Не с кем ему было посоветоваться, поговорить, усльшать хоть какой-нибудь ответ на все его вопросы. Не было рядом умного Афанасия Мукица, где-то скитался его старший сын, расстреляны атаман и многие уважае­мые в станице старые казаки. Жизнь в станице действительно стала непо­нятной, чуждой не одному ему. Люди стали другими, чуждались друг дру­га, исчезла доброта, общительность, давно не слышно было песен, шуток. В прошлом 1920 году, когда власти менялись чаще, чем погода на дворе, все сложилось против людей. За все лето с неба не пролилось ни одной капли дождя. Хлеб, не успев налиться, стал на корню засыхать, кукуруза и подсолнухи так и не поднялись выше колена. То, что оставалось немно­го от запасов, новые власти выскребли до зернышка. Кое-как перебились зимой, а летом следующего года как будто по чьей-то команде все повто­рилось. Люди с мольбою слезящимися глазами смотрели на небо, ждали же­ланной дождевой тучки, но видели лишь палящее солнце, да знойный, су­хой ветер-верховик.

Чем же так провинились люди перед Богом, за какие провинности он по­сылает им такие кары?

Не могли тогда знать копанчане, да и вся казалья Кубань, что это было жуткое начало страшного будущего. Свалится еще большая беда на их го­ловы, когда их лишат последнего клочка земли, когда уведут со двора последнего коня, а все они, бывшие вольные казаки превратятся в «бизотвитных крыпакив».

На степу ны дзвонят косы,

Ны спивають козакы,

Бурьянамы сум голосить,

Загниздылысь павукы

Дэж подилося козацтво?

Славнэ лыцарство-булацтво,

Рэшпа гирше крыпакив.


Первый страшный голод, организованный советской властью, разразился на огромной территории Поволжья, Украины, Северного Кавказа и Центра России. Хлебная монополия, уничтожение частной торговли хлебом и к тому же череда неурожаев в ряде районов России, привели к резкому сок­ращению посевов. У людей подчистую забирался хлеб, корм для скота. От бескормицы начался массовый падеж скота. Голод быстро распространился по губерниям, уездам центральной и южной части России.

В связи с засушливым летом озимые так и не заколосились, а яровые прекратили рост. Особенно жестокой засухой было поражено Поволжье. Большевики ничего сделать уже не могли. Люди уходили из сел в надежде найти еду. На железных дорогах, в городах скопилось огромное количество голодных людей.

Не в лучшем положении оказались еще совсем недавно богатые районы Юга России, в том числе Кубань. Из общественных запасов хлеб исчез еще в годы войны. То, что имели казаки у себя, большевики отобрали в прош­лом году. Лошади и скот гибли от недостатка корма.

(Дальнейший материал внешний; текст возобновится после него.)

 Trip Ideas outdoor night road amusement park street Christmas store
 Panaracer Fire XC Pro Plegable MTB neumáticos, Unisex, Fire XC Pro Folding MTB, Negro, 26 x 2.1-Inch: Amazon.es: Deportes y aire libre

Другой не менее страшной бедой для людей стал тиф, который как ко­сой валил старых и малых. Никакой организованной борьбы с его эпиде­мией не велось.

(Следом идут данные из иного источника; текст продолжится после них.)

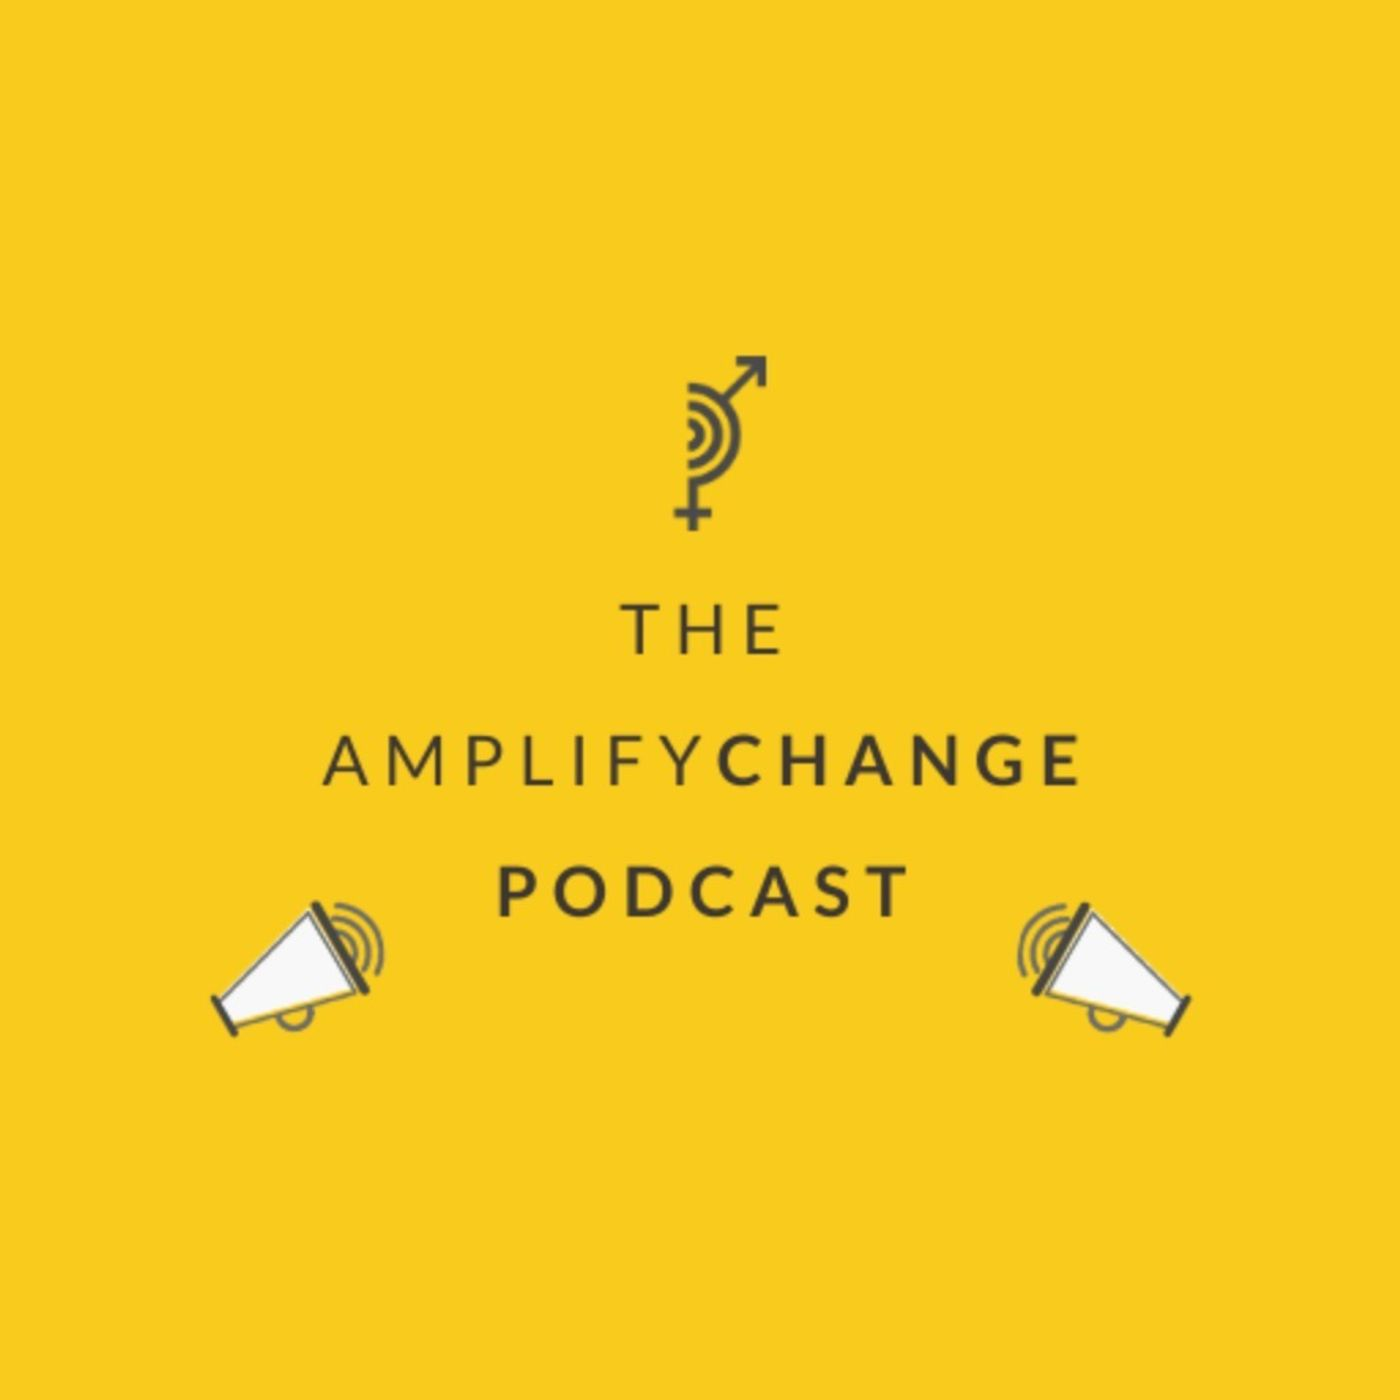 The AmplifyChange Podcast

Новая власть продолжала считать своим главным врагом - казачество. Станицы, как было раньше, не управлялись казаками. Пришли чужие люди, это были чужие люди не только по своим обычаям, привычкам, но и по языку. Особенно было трудно старым казакам, для которых новая власть была, как будто чужеземной. Все команды, приказы, поступающие из прав­ления станицы не были понятны, а потому мало кто их выполнял. Но люди все больше понимали, что все это серьезно, растаяли последние надеж­ды с уходом армии из Крыма. Последние казаки ушли из камышей в горы, по слухам, там еще оставался отряд генерала Марченко-Пржевальского.

Но обо всем этом в станице знали единицы, открыто говорить боялись. Никто не был уверен, что кто-нибудь не донесет в правление. А тогда, уже никакой пощады ждать не приходилось. Жил и действовал закон вой­ны.

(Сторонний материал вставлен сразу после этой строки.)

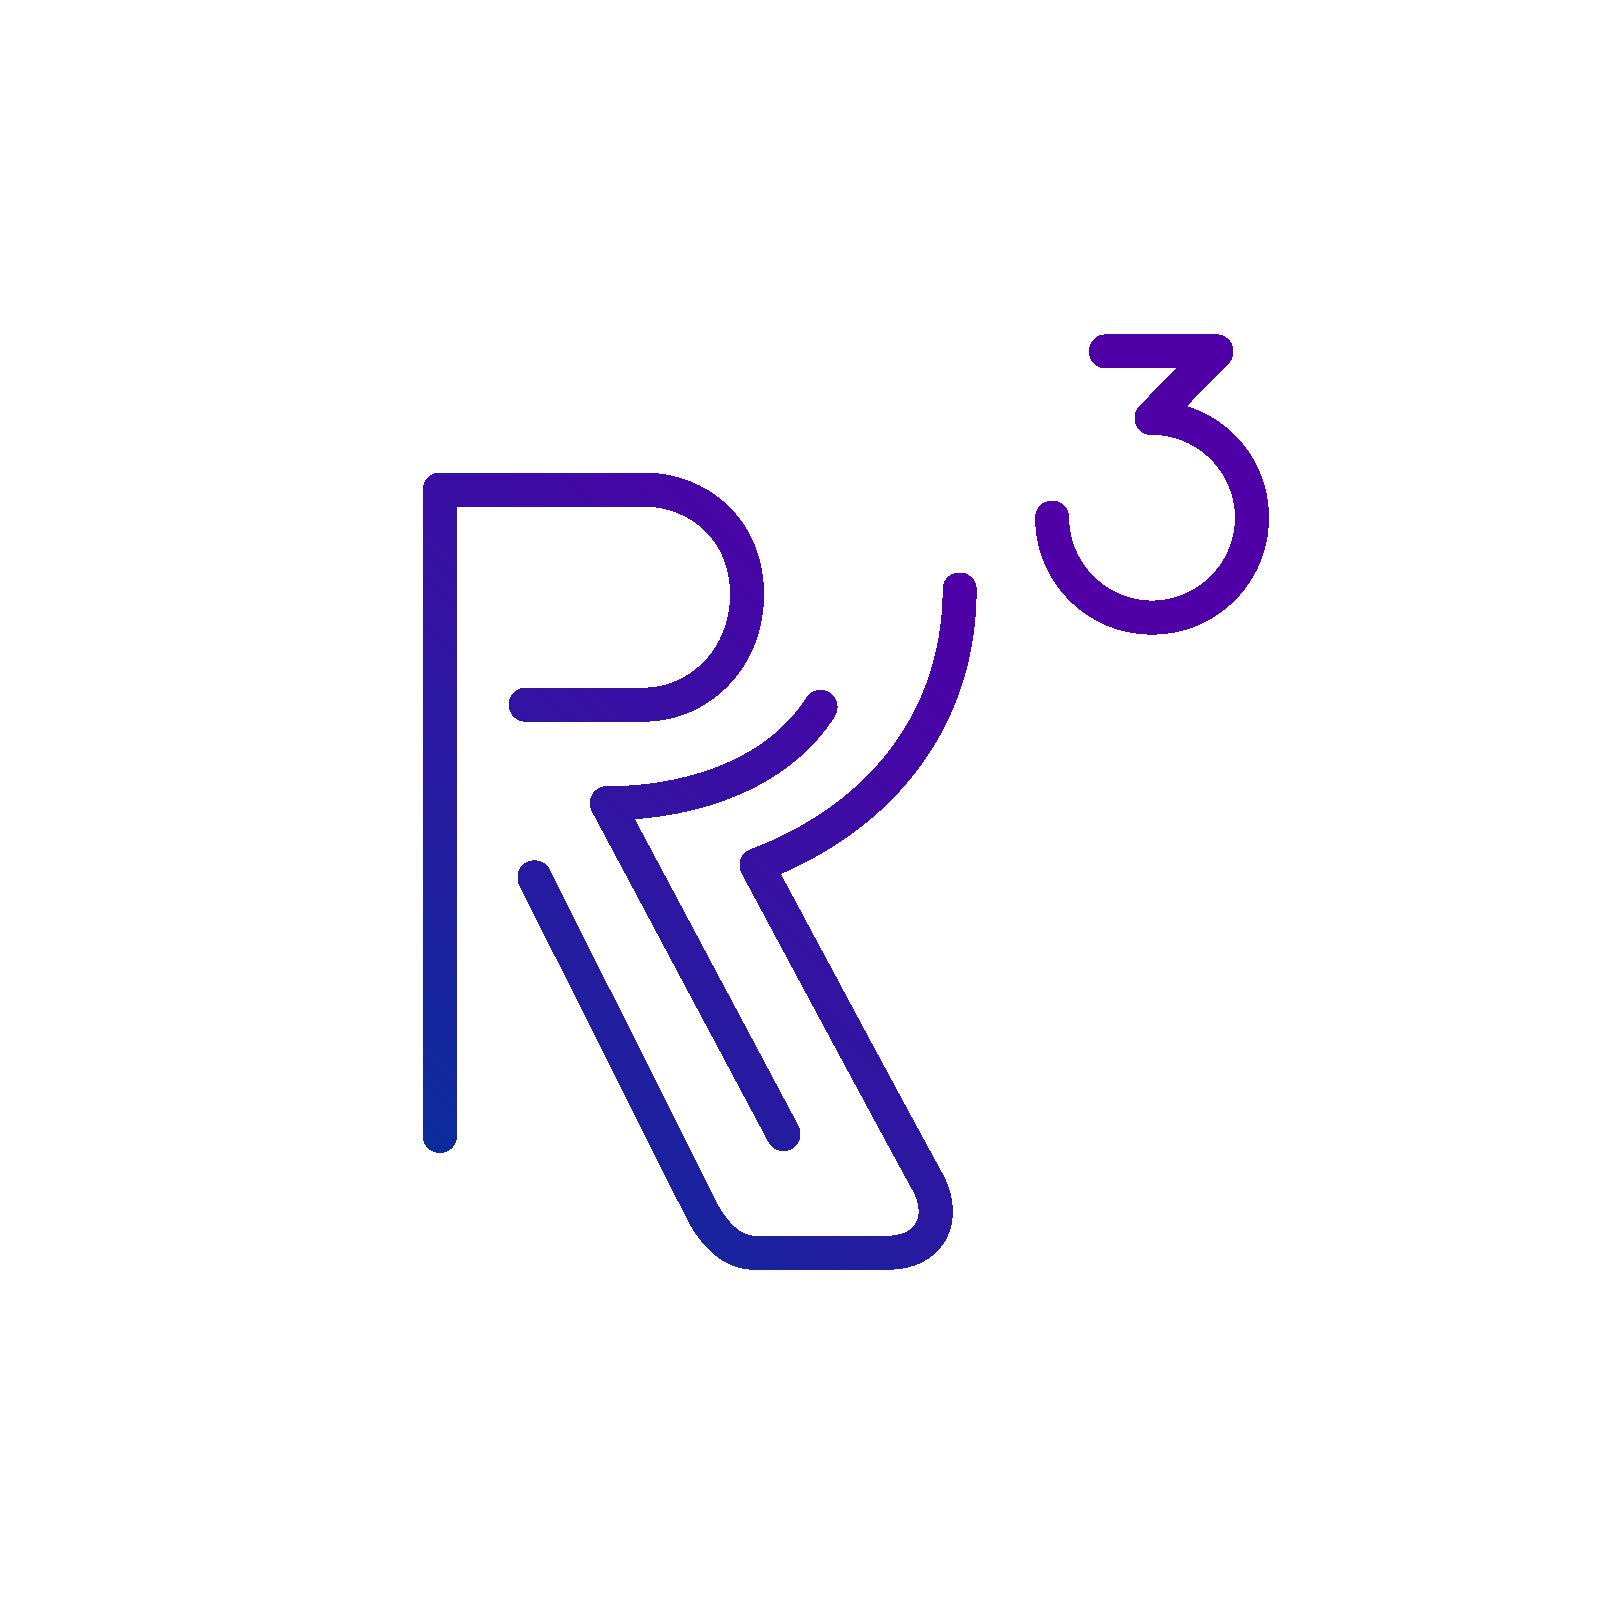 R3_logo_icon_gradient_indigo.png

С прошлого, двадцатого года, в станице правил ревком. Из Ейска пос­тоянно наезжали, так называемые, чрезвычайки, которые искали всех недовольных новыми порядками. Особенно мордовали семьи, отцы и сыновья из которых находились в белой армии, а тем более участвовали в восстании против советской власти и скрывались в камышах.

Семья Афанасия Мукица, некогда большая, а теперь состояла из боль­ной матери и младшего сына Михаила, систематически подвергалась наси­лиям и издевательствам. При каждом появлении в станице чоновцев, в этой семье проводились обыски, допросы с зуботычинами и ударами плеткой. Не могли простить старой женщине и малолетку того, что отец и старший сын Константин были открытыми врагами советской власти. Старый Мукиец, бывший старший урядник, станичный судья, выбранный сходом стари­ков станицы, отважился стать организатором и активным участником восстания казаков в восемнадцатом году, был почетным казаком станицы, пос­ланным на Чрезвычайную Краевую Раду в девятнадцатом году, готовил ка­зачьи сотни для пополнения Кубанской армии. Не могло быть пощады, яро­му стороннику Временного Правительства и Белого движения. Такой должен быть во что бы то ни стало найден и прилюдно наказан. В списке врагов советской власти, в ейской ЧК Афанасий Семенович Мукиец числил­ся в первой десятке. Его семья находилась под постоянным надзором властей и всех негласных агентов.

Не менее опасным считался его старший сын Константин, переметнув­шийся к белым еще во времена пресловутого таганрогского красного де­санта и все эти годы находившегося в белой армии. Как ни была бдитель­на власть в станице, но так и не сумела установить следов или хотя бы малейших признаков появления этих преступников в станице, не было их, как доносила агентура, и среди камышатников. Но слежка не прекра­щалась, старая казачка и ее сын держались в страхе и постоянно терро­ризировались.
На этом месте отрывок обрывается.